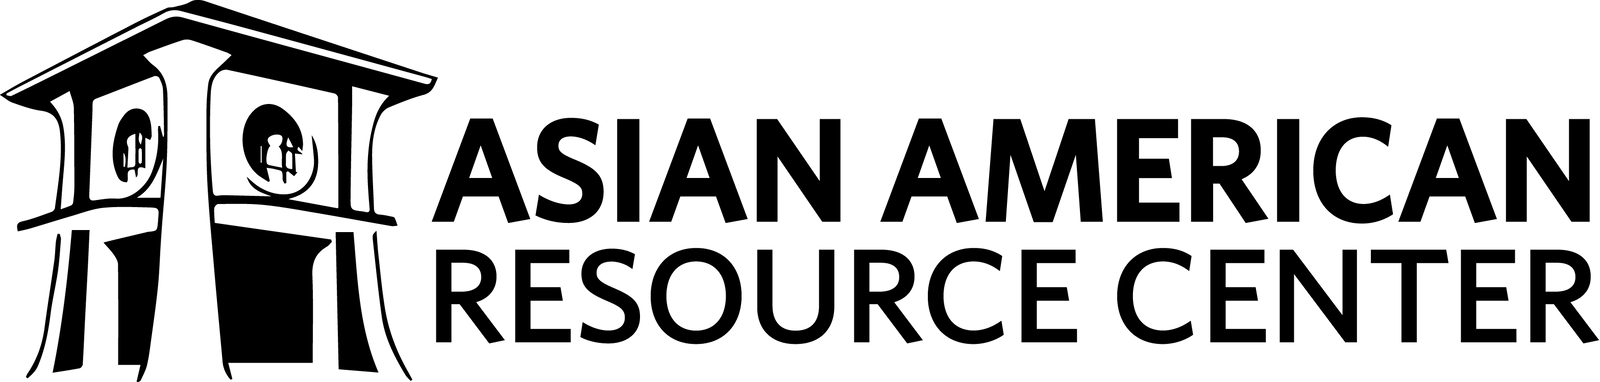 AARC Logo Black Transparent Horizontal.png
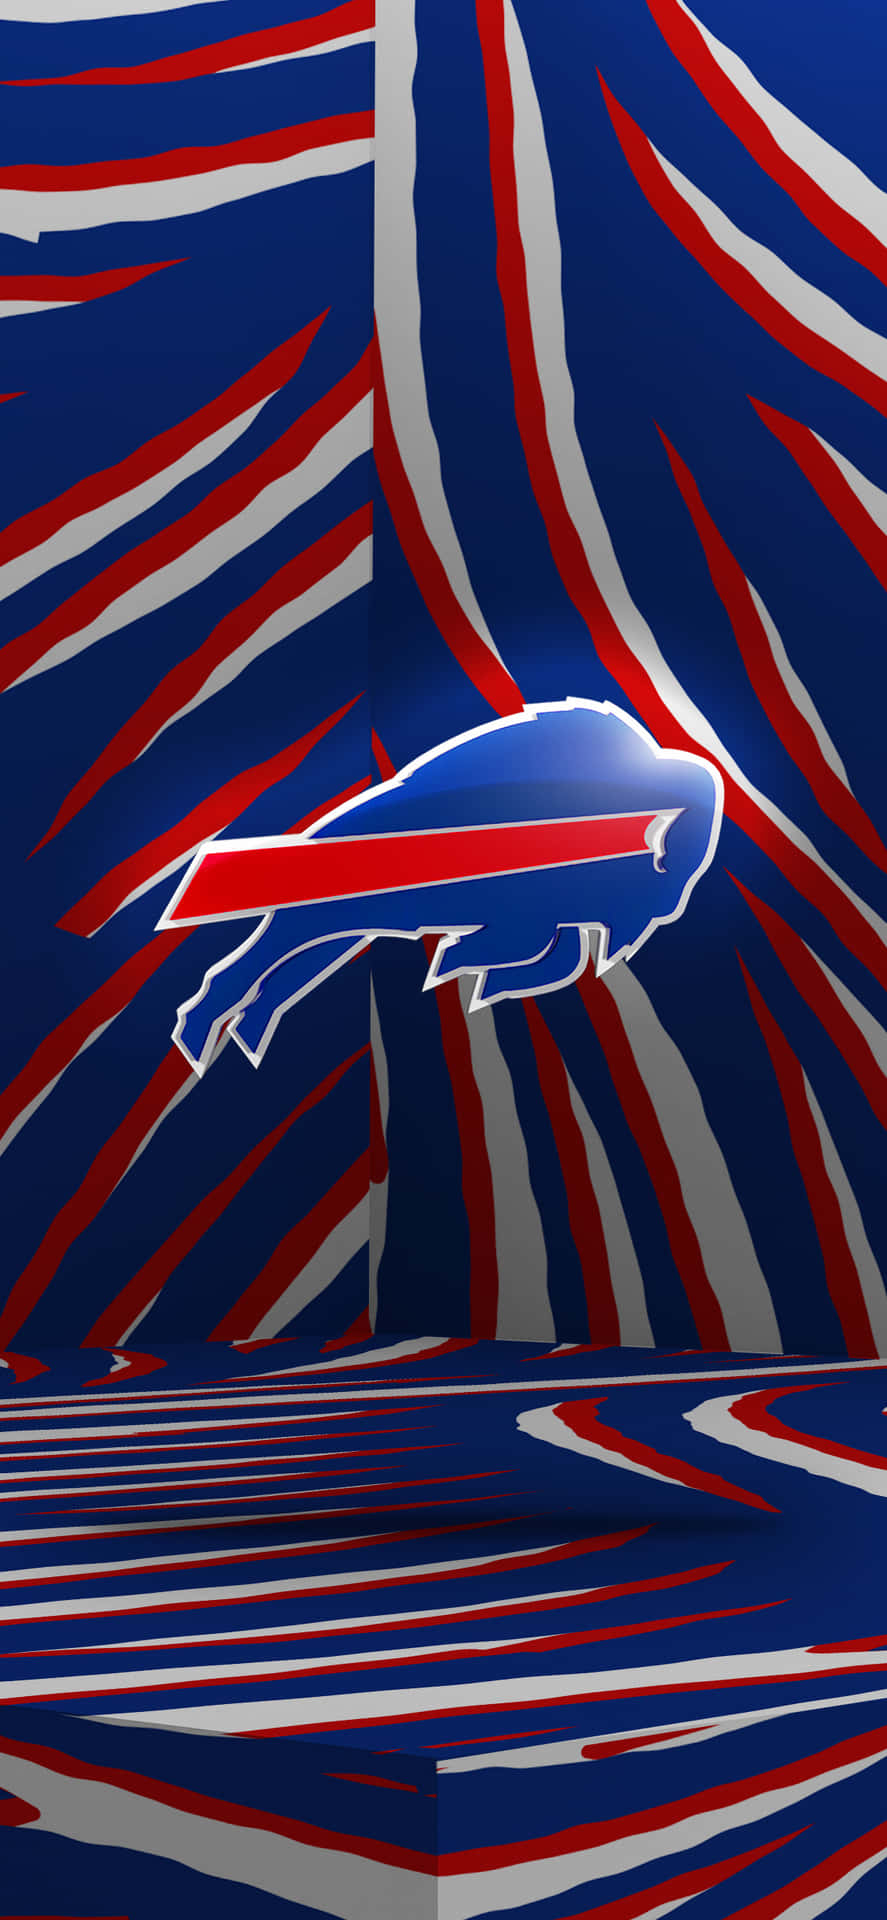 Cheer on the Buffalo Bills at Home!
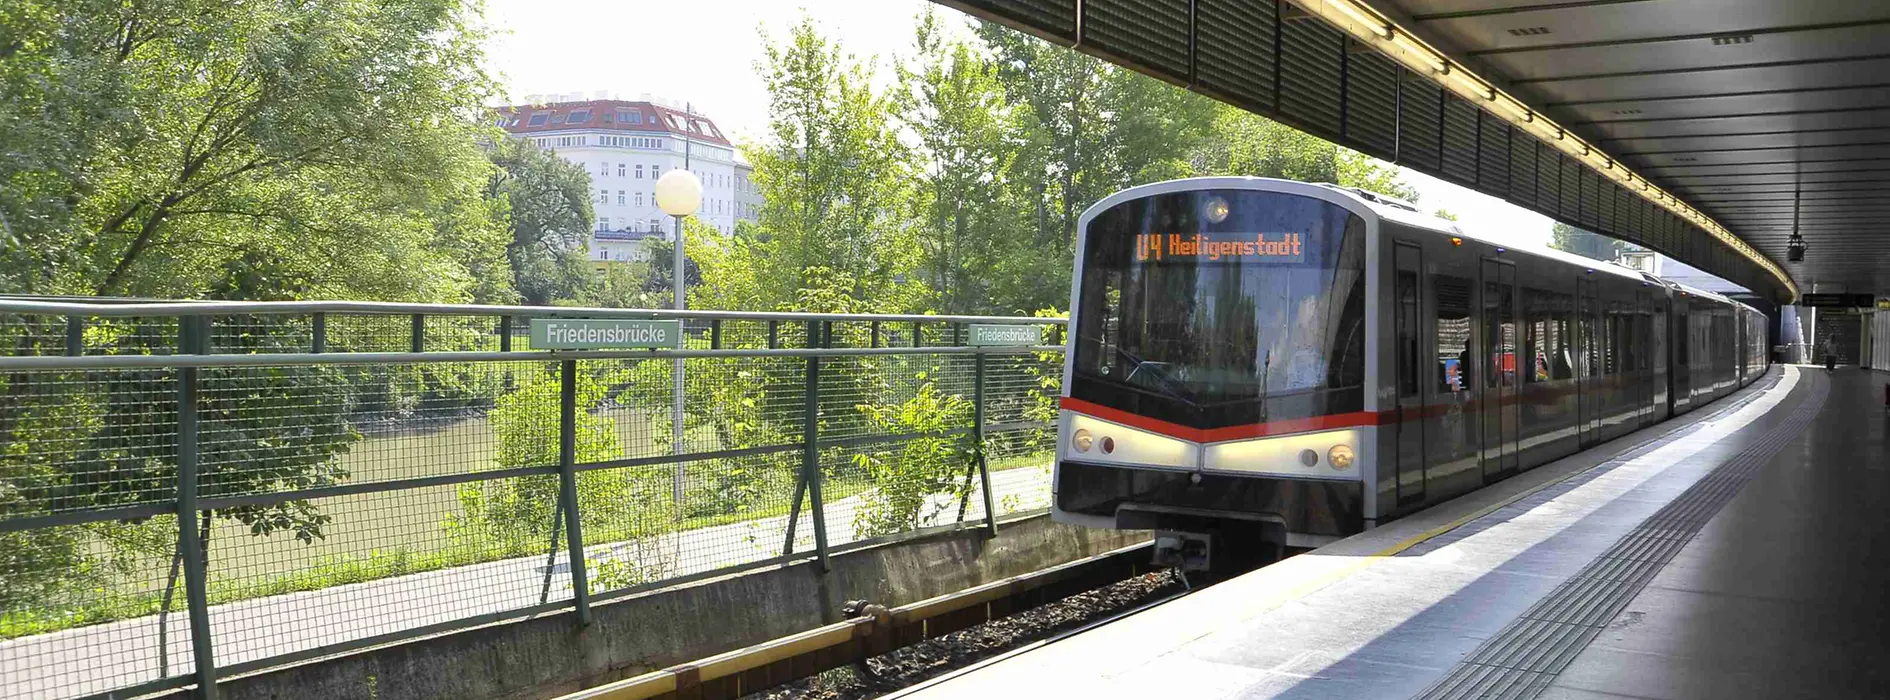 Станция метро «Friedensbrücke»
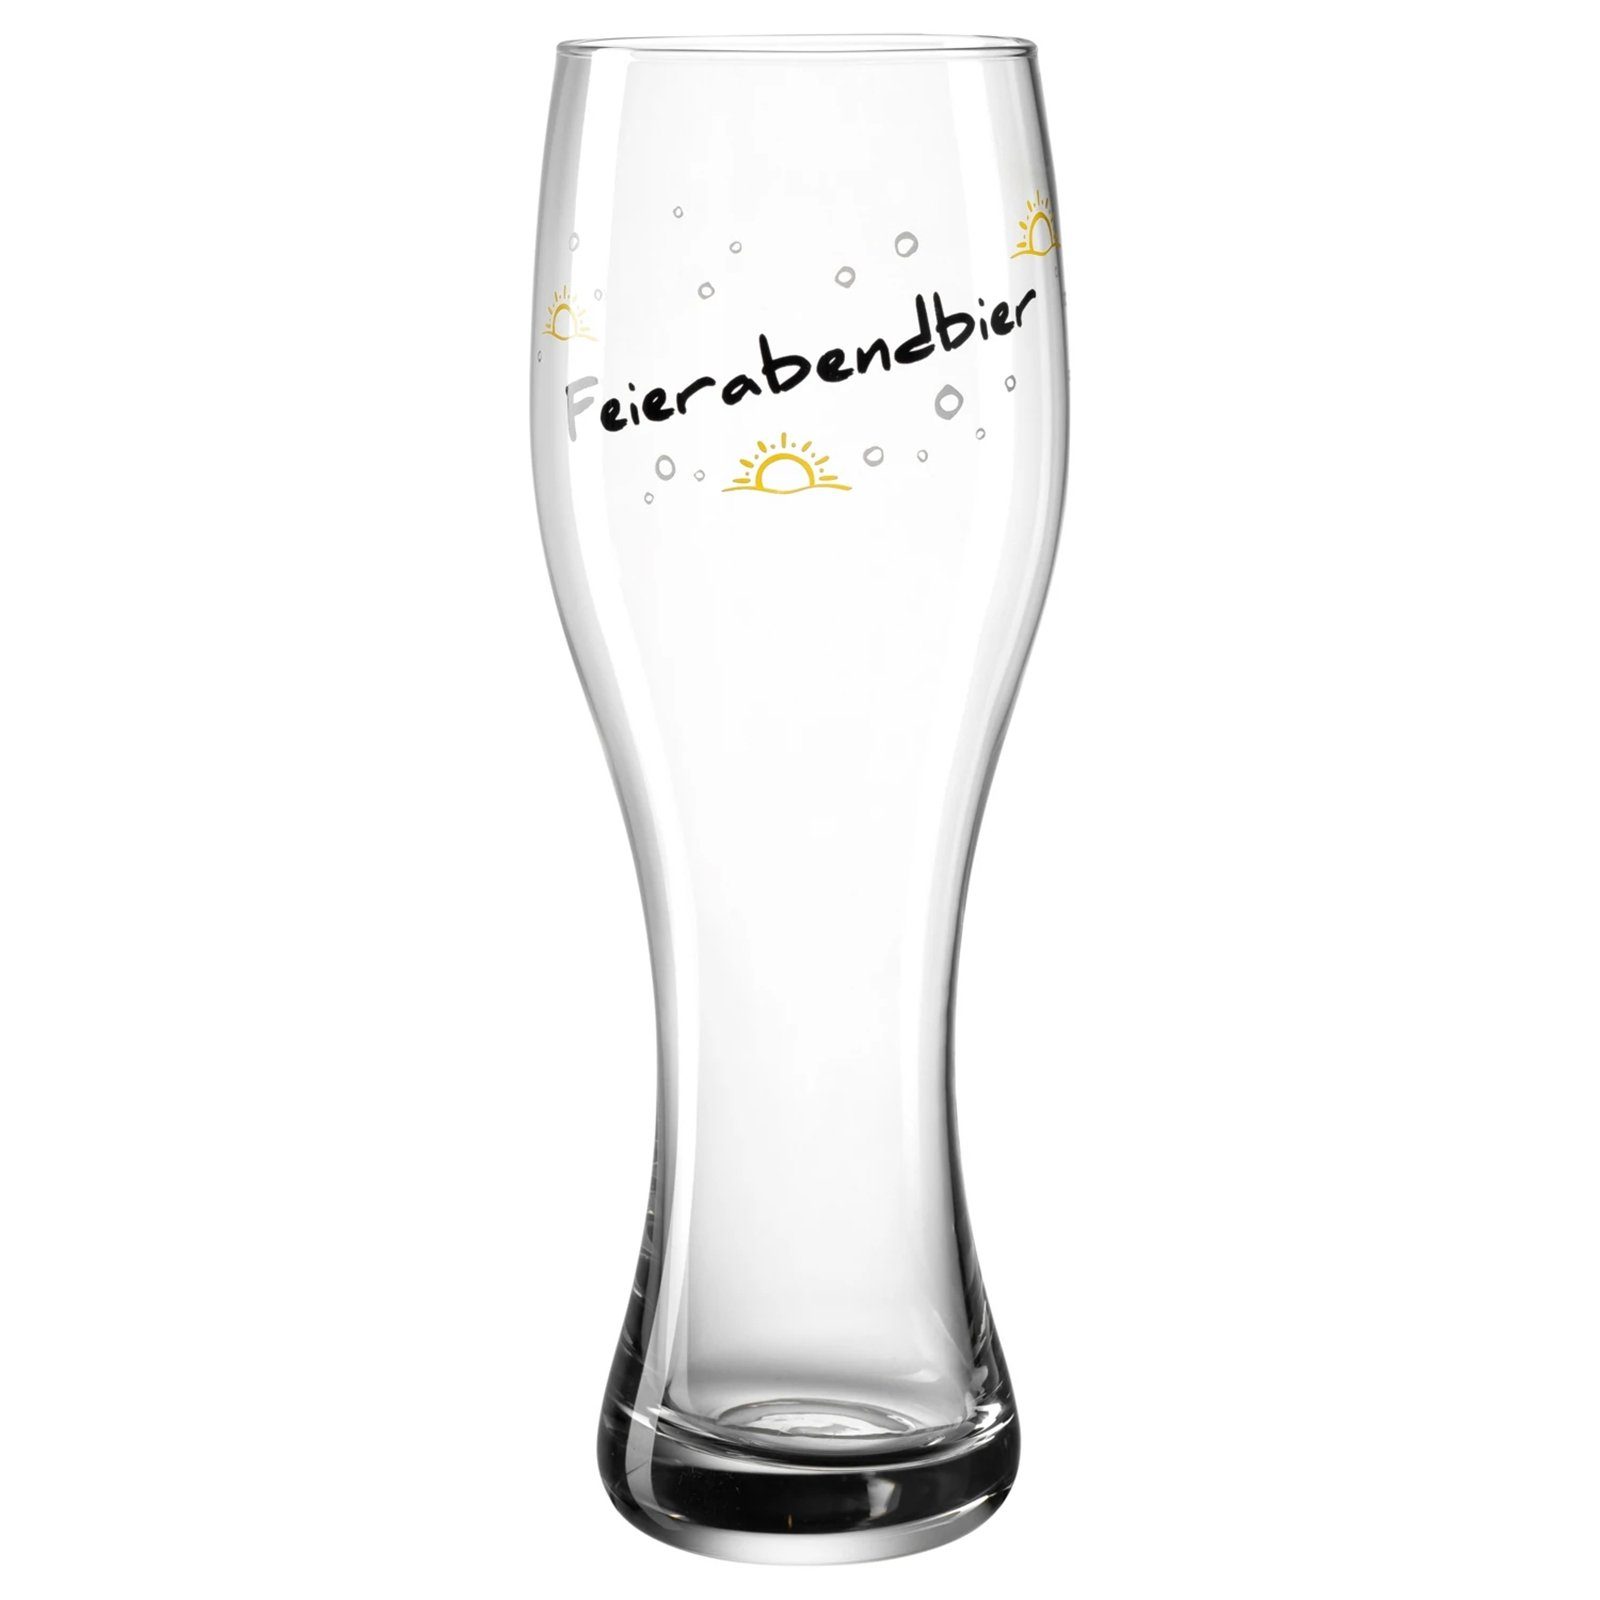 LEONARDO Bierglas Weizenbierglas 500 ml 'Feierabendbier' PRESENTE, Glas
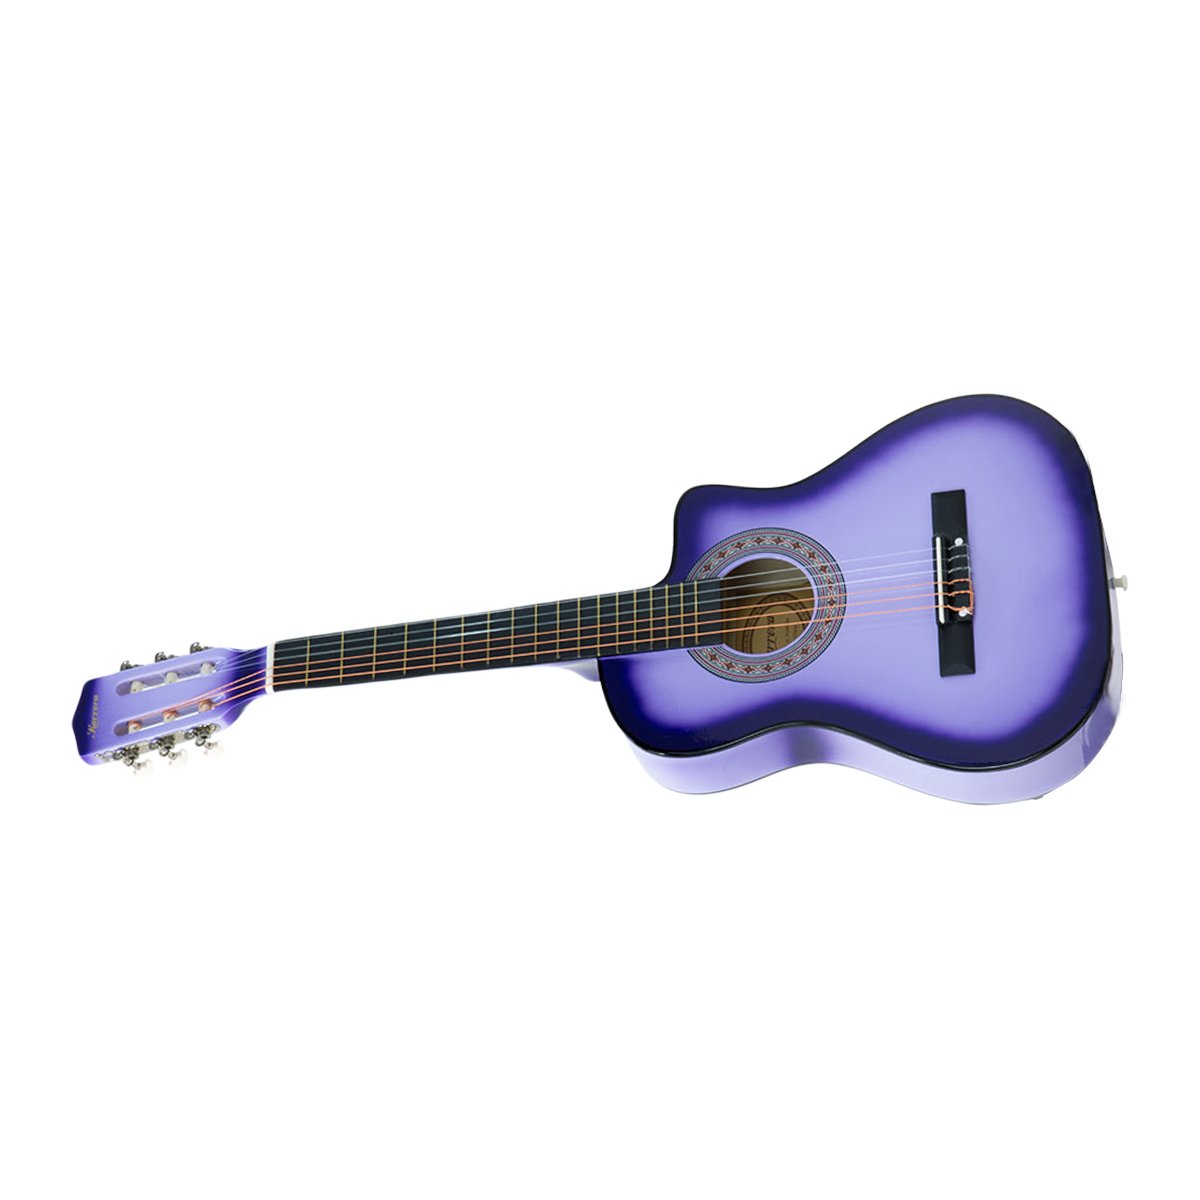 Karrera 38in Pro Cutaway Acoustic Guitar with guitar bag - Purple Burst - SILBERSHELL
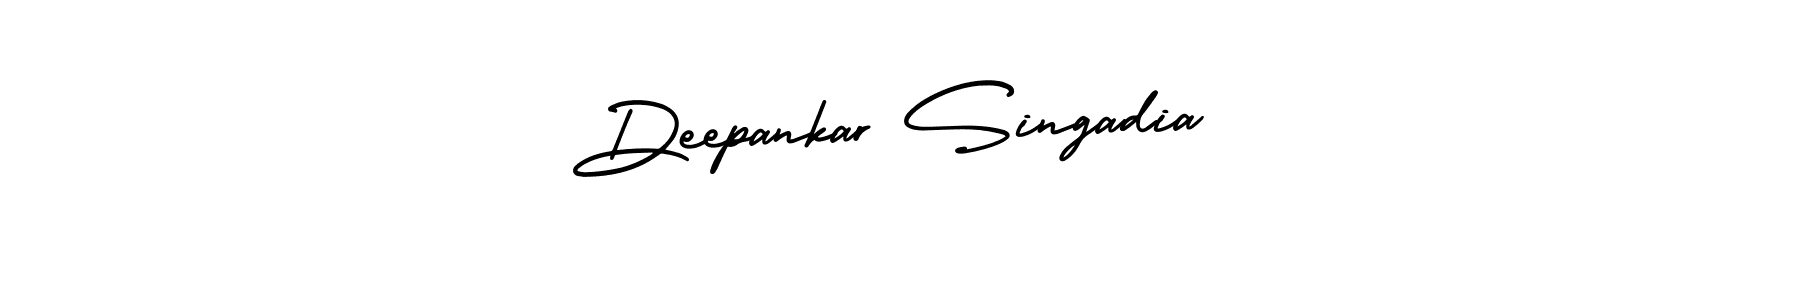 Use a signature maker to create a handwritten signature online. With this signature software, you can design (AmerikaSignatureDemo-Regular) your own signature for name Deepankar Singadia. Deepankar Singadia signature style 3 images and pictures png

□ □ □ □ □ □ □

▸ **ASSIGNED TASK**
Should a picture appear among the entries above, omit it and repeat everything else exactly.

▸ **WRITTEN REPLY**
 AARC Logo Black Transparent Horizontal.png
 Cheer on the Buffalo Bills at Home!
 Станция метро «Friedensbrücke»
 LEONARDO Bierglas Weizenbierglas 500 ml 'Feierabendbier' PRESENTE, Glas
 Karrera 38in Pro Cutaway Acoustic Guitar with guitar bag - Purple Burst - SILBERSHELL
 Use a signature maker to create a handwritten signature online. With this signature software, you can design (AmerikaSignatureDemo-Regular) your own signature for name Deepankar Singadia. Deepankar Singadia signature style 3 images and pictures png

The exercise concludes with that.